Психолог . И тут нужна уже не только психотерапия, но и психокоррекция – некоторое изменение характера. Стирание одних черт и воспитание других. Даже в условиях оснащённого психотерапевтического кризисного отделения такую коррекцию провести очень сложно. Мы показываем пациенту лишь общее направление, в котором он должен работать над собой, и делаем с ним первые шаги на этом пути. А по возможности помогаем ему и после выписки. Для таких людей очень желателен постоянный контакт со специалистами, занимающимися психокоррекцией или психоанализом, – тогда возможность попадания в новое кризисное состояние будет сведена до минимума. К сожалению, такое в нашей стране мало кто может себе позволить…

Пытаясь осмыслить увиденное и услышанное в кризисном стационаре, вспомнил я вдруг занятную сказку, прочитанную в далёком детстве. Речь в ней шла о двух любопытных лягушках, забравшихся в погреб и свалившихся в крынку со сметаной. Вот барахтаются эти квакуши в жидком жирном месиве и никак не могут выбраться. Дёргались, дёргались и наконец начали выбиваться из сил. Тогда одна и говорит: «Чем так без пользы ногами дрыгать, не лучше ли сразу утонуть? Всё равно ведь погибнем, а так – мучений меньше». А вторая ей отвечает: «Поступай как знаешь, подружка, а я до последней минуты буду барахтаться – глядишь, чего-нибудь да получится…» Первая сказала – и сделала: лапки сложила, бульк на дно и утонула. Другая же лягушка упорно, из последних сил продолжала плавать в сметане, дергаясь всеми лапками. И взбила-таки из сметаны масло! Отдохнула на твёрдой опоре, набралась сил да выпрыгнула вон из западни. Ах, какая поучительная сказка, хотя в те годы ничего особенного я из неё не вынес! Но вот пригодилась она вдруг при разгадке кризисного стационара.

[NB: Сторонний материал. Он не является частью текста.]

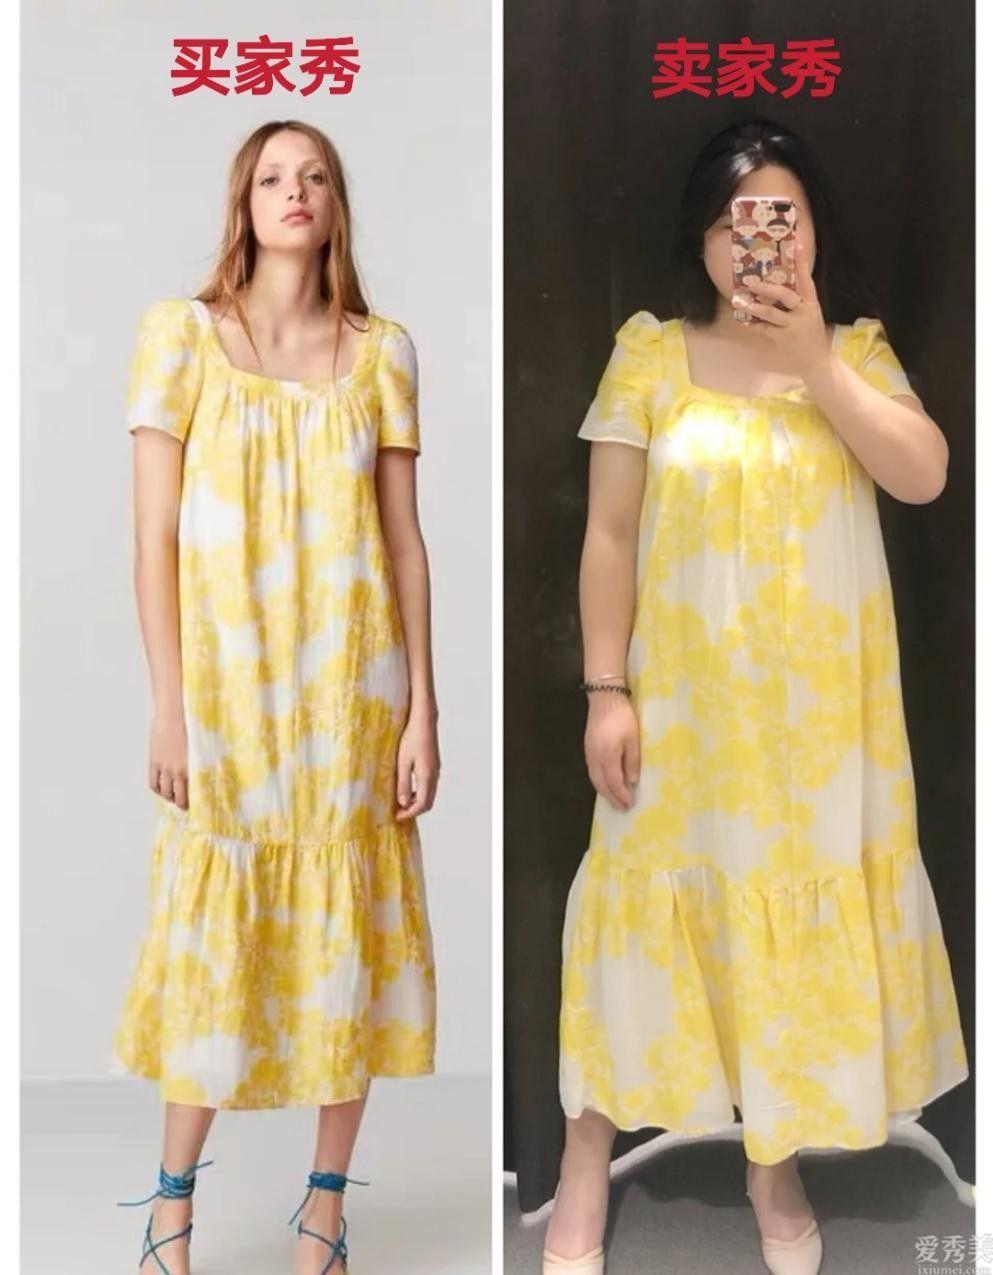 別不信,身高不上160cm的小個子,夏季穿瞭這裙裝,顯小又顯壯

Побывал я как-то здесь на одном из занятий группы социально-психологического тренинга. Семь пациентов под руководством врача оживлённо и детально обсуждали проблему одного из присутствующих – проблему, приведшую его сюда. Обсуждали, не стесняясь ни друг друга, ни, естественно, ведущего занятие психолога, ни меня – неизвестного им человека. Порой обсуждение это было резким, противоречивым и громким – таков смысл методики. И вот, после окончания занятия, когда я уже уходил из отделения, ко мне подошёл молодой человек, чью проблему обсуждали несколько минут назад. Спросил, откуда я, поинтересовался и моей личной жизнью. Разговорились. И как-то незаметно разговор перешёл на его ситуацию. Он сокрушался, жаловался на свою жену, совершенно не понимавшую его. Говорил, как ему тяжело. Советовался, что ему делать дальше. Кажется, он нашёл во мне понятливого собеседника. Я тактично кивал головой и отвечал что-то сочувствующее.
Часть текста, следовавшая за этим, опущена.